It's hard to gauge your growth as a photographer. I remember confidently flipping through magazines and newspapers in college, smugly thinking I had this photojournalism thing figured out pretty well with every photo I saw that I thought I could have made.
The more I learn, though, the further I realize I have to grow.
Clip contests are an easy benchmark to point to, but as I wrote before, they're not a meaningful measuring stick. A great example would be to look at the current Region 11 standings of the NPPA's monthly contest, which has me tied with the legendary Alan Berner of The Seattle Times.
While I may not know exactly where I am in my development as a photographer, I know I'm no Alan Berner.
Last week's trip to the Tri-Cities Animal Control shelter made me reflect on how I approach assignments, though. I've made photographs at the shelter numerous times, including an unfinished project idea I had a couple years ago that may never come together like I had planned.

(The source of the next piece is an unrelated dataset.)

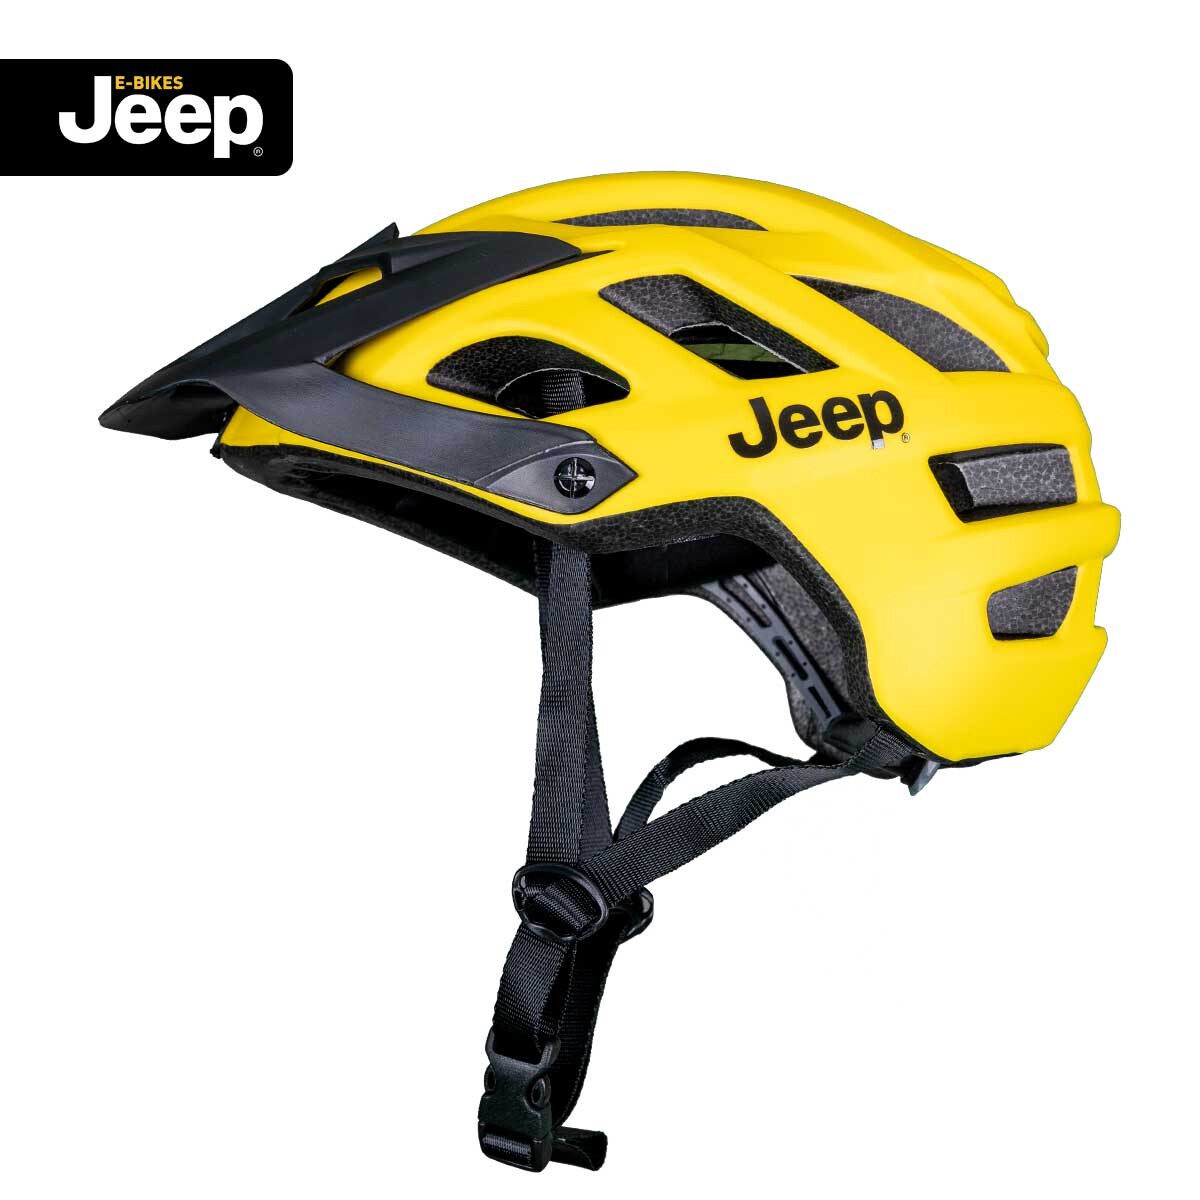 Jeep E-Bikes Helm Pro yellow M
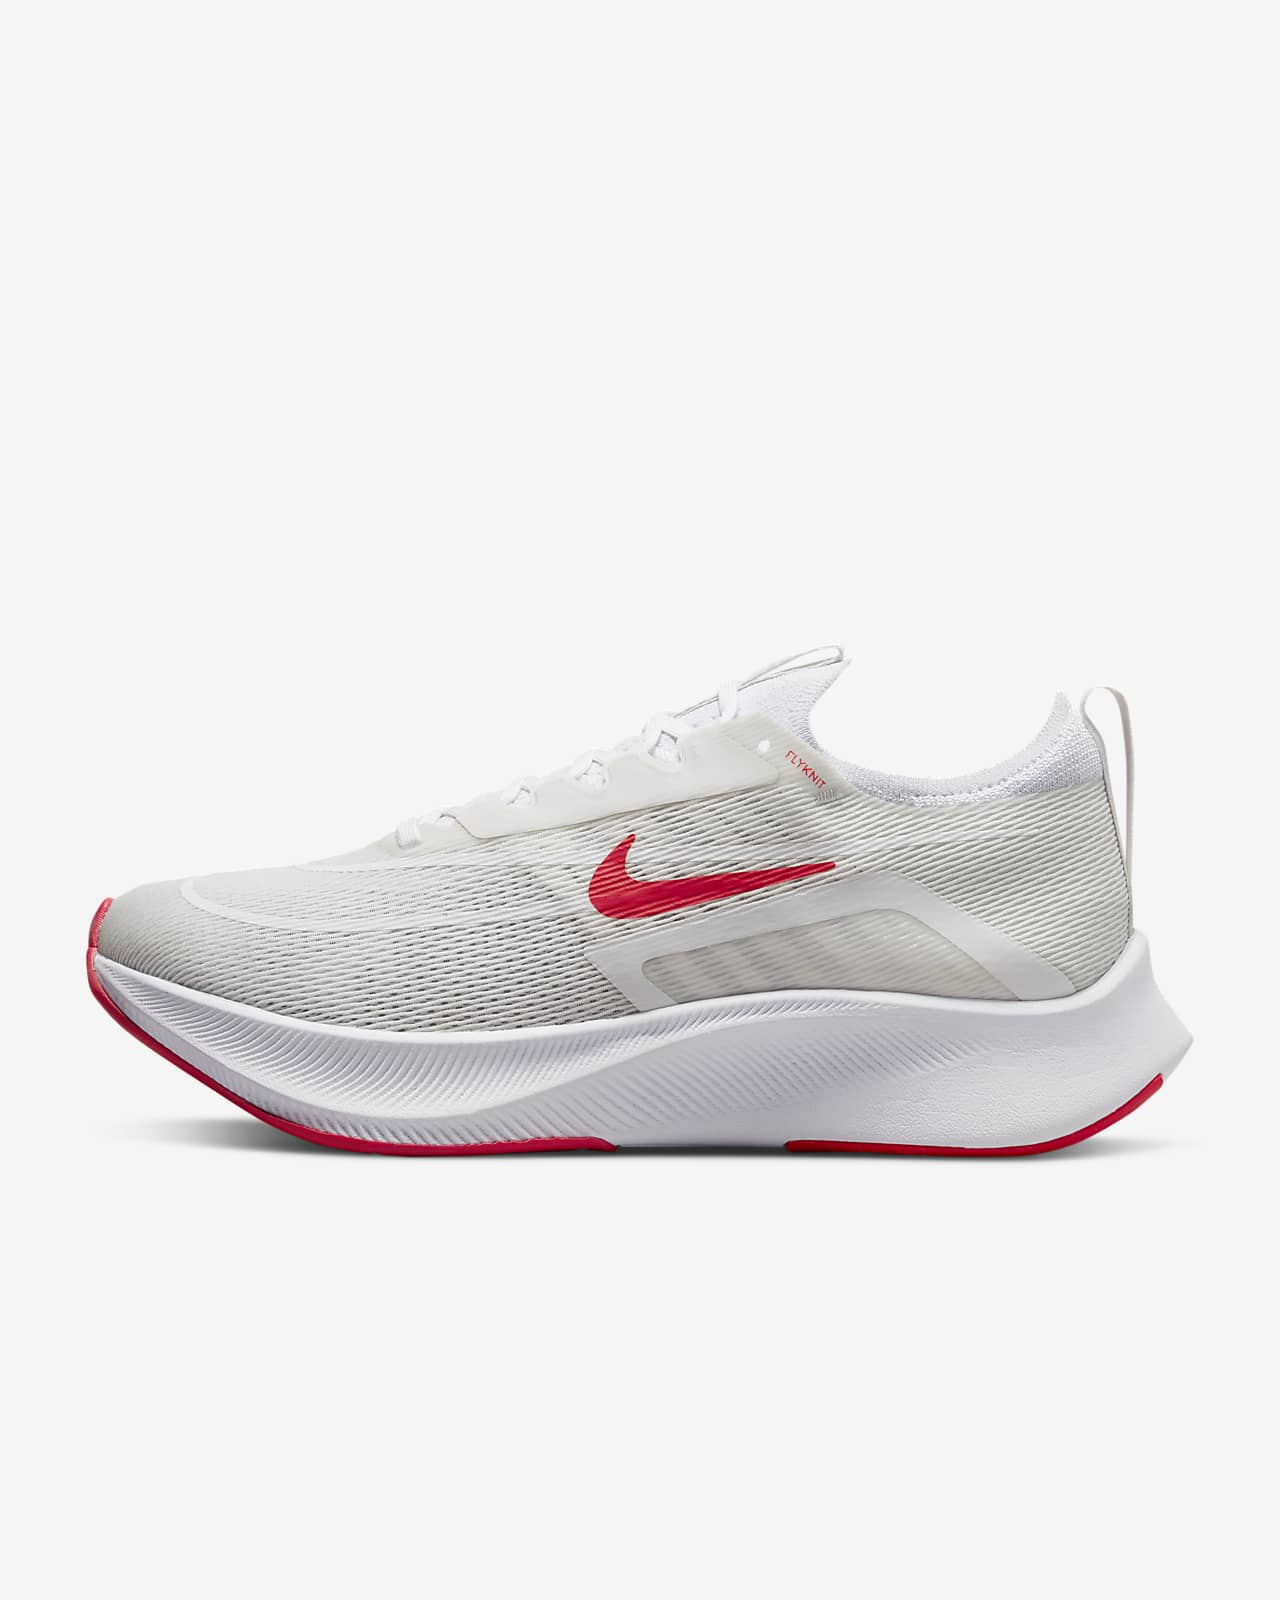 Ανδρικό παπούτσι για τρέξιμο σε δρόμο Nike Zoom Fly 4

The old building has wildly varying light depending on which room you're in, and some of the spots are frustratingly dark. My photo request form listed three animals that reporter Kristi Pihl was going to focus on, so I brought in one light on a stand with an umbrella to make some simple portraits.
My first stop was Helix, who hung out in the dim room for male cats. He was fairly shy, but after some time, I was able to make a couple of frames I liked. This one was a little too gimmicky,
so I went with this one:
In the past, I would have probably relied on the ambient light, which just doesn't look as good:
If the subject isn't looking toward the ugly, overhead fluorescent lights, then their eyes end up looking dark and lifeless.
Brewster the Husky was up next, and he was chilling in the even more cavernous quarantine room for sick and recovering animals. I stuck with the simple lighting setup to make a photo that hinted at his tennis ball-sized tumor,
without making the grotesque growth a glaring violation of the Cheerios test:
Last up was Kate, also in the quarantine room, the little chihuahua/pug mix was in an even darker and smaller kennel. I tried to find an angle for the light to reflect off the stainless steel in a way that wasn't too distracting to help bring out the nuanced color in her dark fur while trying to capture her skittish personality:
Going with a super slow 1/15 sec. shutter speed at ISO 1600 shows what the ambient light was like from above:
And as a funny aside, those gigantic eyes still had catch lights in them when I shot too quickly for my flash to keep up at 1/200 sec. and f2.8 at ISO 400:
It's hard to imagine how I would have handled making location pet portraits before, either settling for poorly lit snaps or struggling to juggle an off-camera flash with one hand while trying to focus on unpredictable animals with the other.
While I was happy with the shots, I didn't feel like any of them could really carry the story as the main photo, so I hung around a bit to make some different photos. After hanging outside the Cattery for a while,
the Fousts showed up to pet some kitties:
Unfortunately, their visit into the darker room where Helix was hanging was harried, and the skittish subject quickly hid, so I don't have any shots of them interacting. In the past, I probably would have seen that photo as the main goal when approaching this assignment. I would have hung around in that room for a lot longer, hoping for some visitors on a slow day.
Instead, I spent much longer working on the portraits to try and capture a little of the critters' personalities, hunting for some human and animal interaction later.
Is it a better approach? That's hard to say. Part of the change comes from trying to come back with something different after photographing at one place several times. Another part is because I have a light kit I travel with now.
It's like that old proverb, "when you're holding a hammer, every problem looks like your thumb."
I'm pretty sure that's right.
Speaking of not right...
That's what Radu Sigheti says of contests always awarding photos of carnage and conflict as every year's best. It's a sentiment I agree with. These images are very important and need to be made, but if his statement that "in an easily accessible conflict zone, the place is swarming with photographers, sometimes they outnumber the combatants," is more truth than hyperbole, then I hope something changes to encourage award-hungry shooters to pursue less-covered stories.
The Washington Post ran an HDR image on its front page with a flowery disclaimer that read, "This image is a composite created by taking several photos and combining them with computer software to transcend the visual limitations of standard photography. I've never been a big fan of HDR (high dynamic range) photos, which combine several photos of different exposures to include plenty of detail in both the shadows and highlights.
I don't mind the technique if it's used to more accurately render the scene, since digital sensors are limited in their range, but it's more often used to create surreal landscape photos that look purdy, but don't have any place in photojournalism. What bugs me even more is the plane, which would have only been in that position for one of the shots used to create the image. While not as hinky as the November fauxto pas involving two trains ten minutes apart, it's an interesting first that raises a lot of ethical concerns.
Ethics are far from black and white, though, and thanks to the artistic colorization stylings of Sanna Dullaway, neither are these iconic monochrome images. It's an interesting collection of masterful work that doesn't fall under the same ethical scrutiny since it's not being presented in a photojournalism forum.